### Supplied material:
§ §

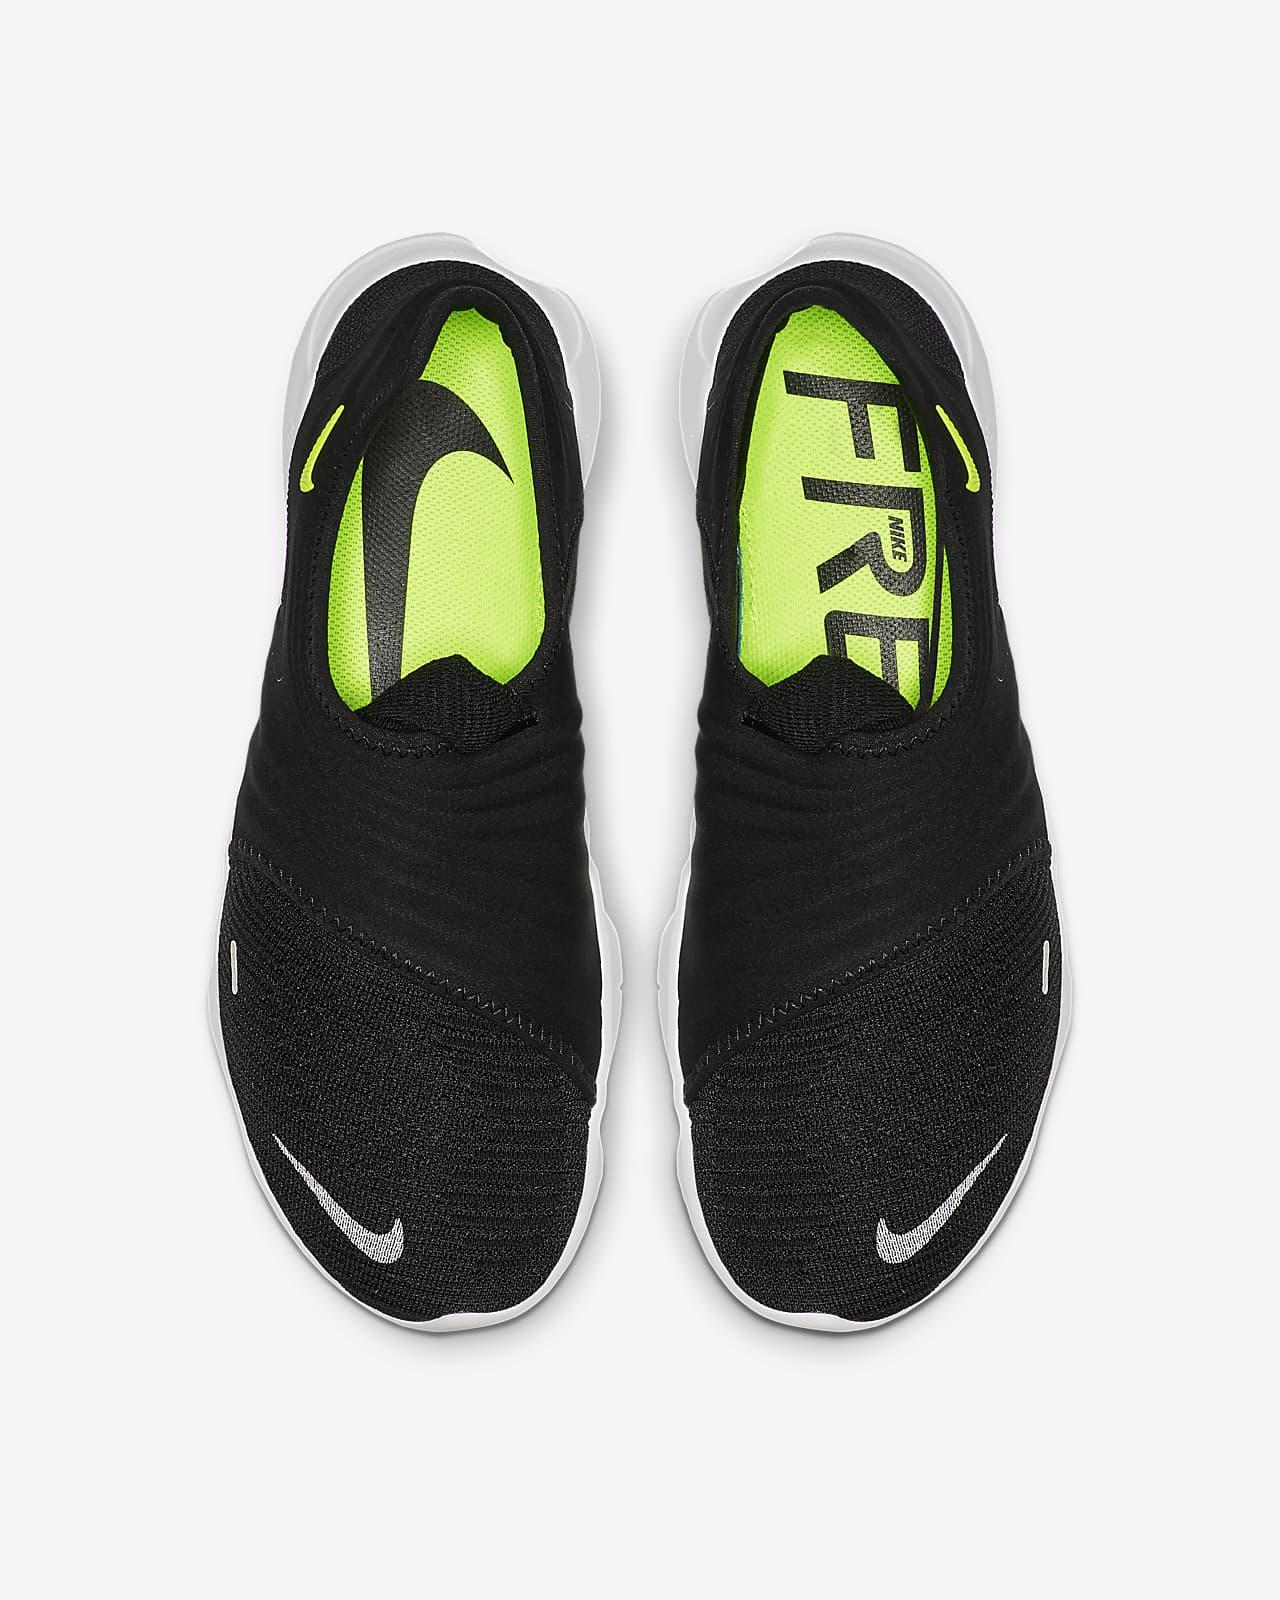 Nike Free RN Flyknit 3.0 Men's Running
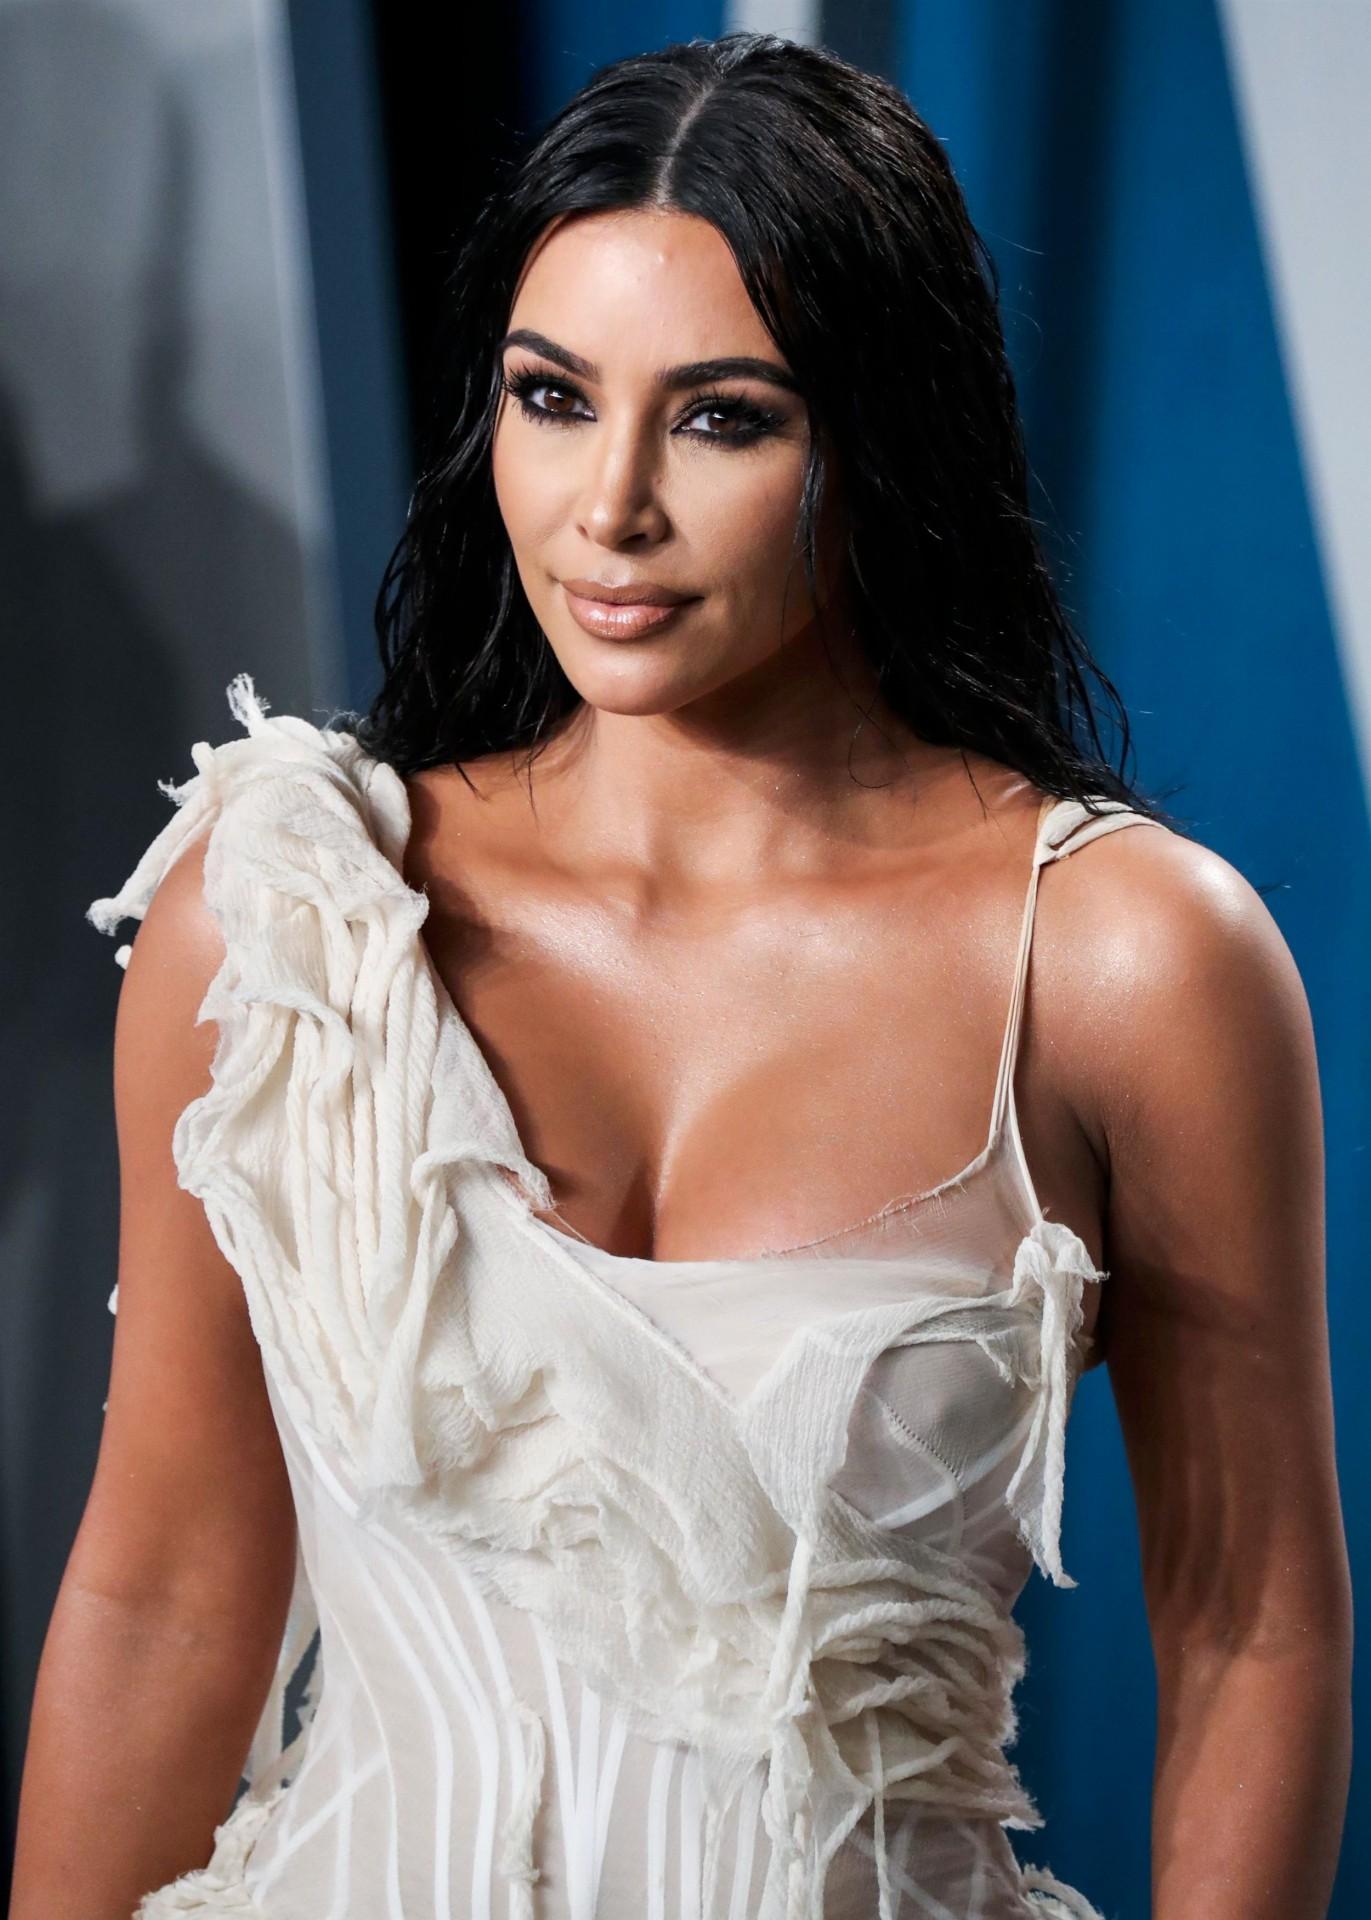 Celebrities Cleavage Pics: Hot Vidya Balan Cleavage
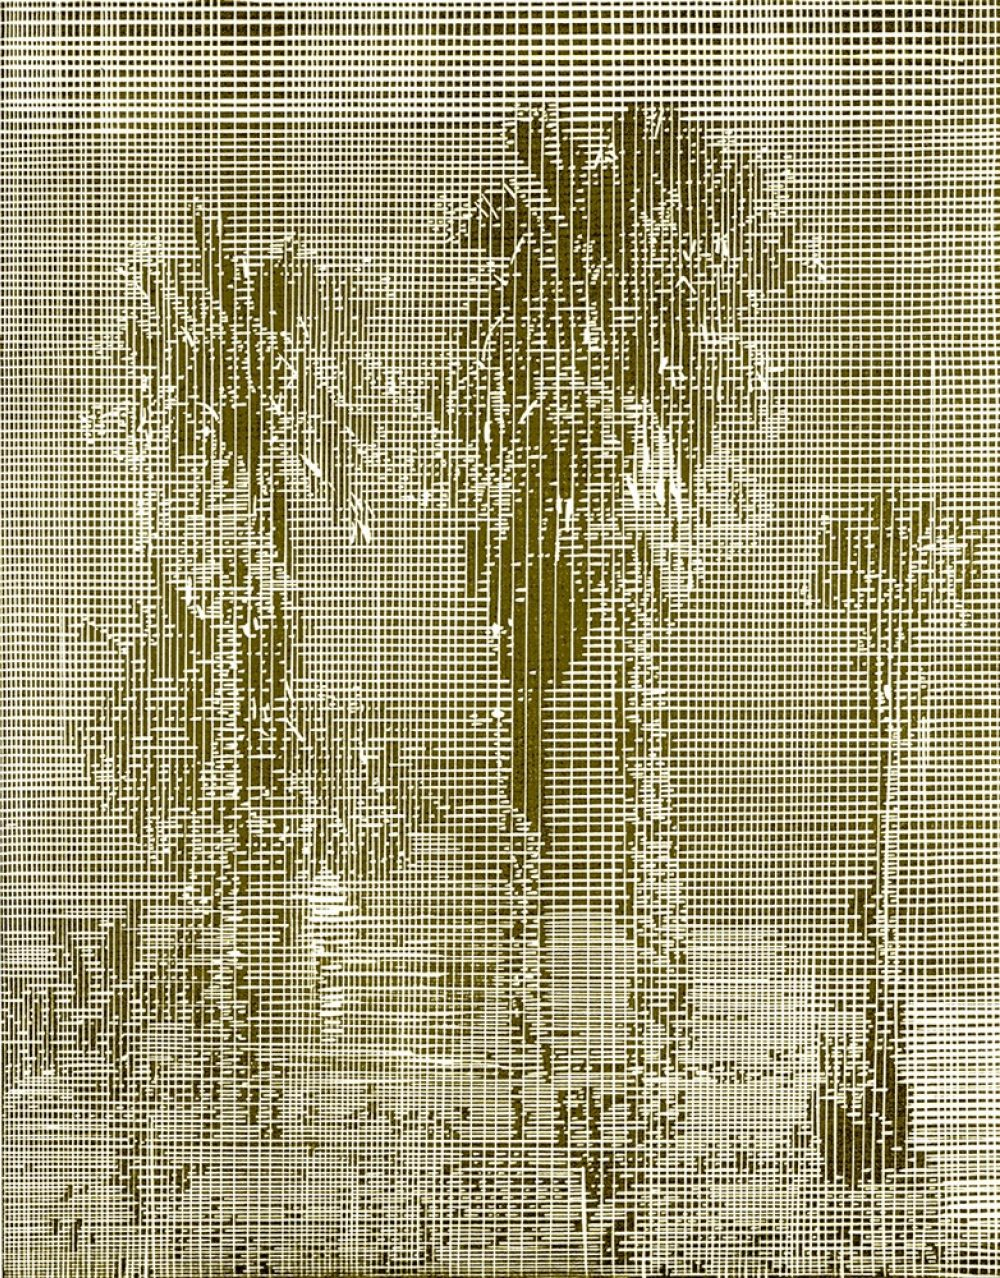 Lese (2018), linocut, 27 x 21 cm

§ §

### Assignment:
Start at the first line and set down all of the data exactly, passing over the pictures.

### Exercise solution:
 Nike Free RN Flyknit 3.0 Men's Running
 Celebrities Cleavage Pics: Hot Vidya Balan Cleavage
 Lese (2018), linocut, 27 x 21 cm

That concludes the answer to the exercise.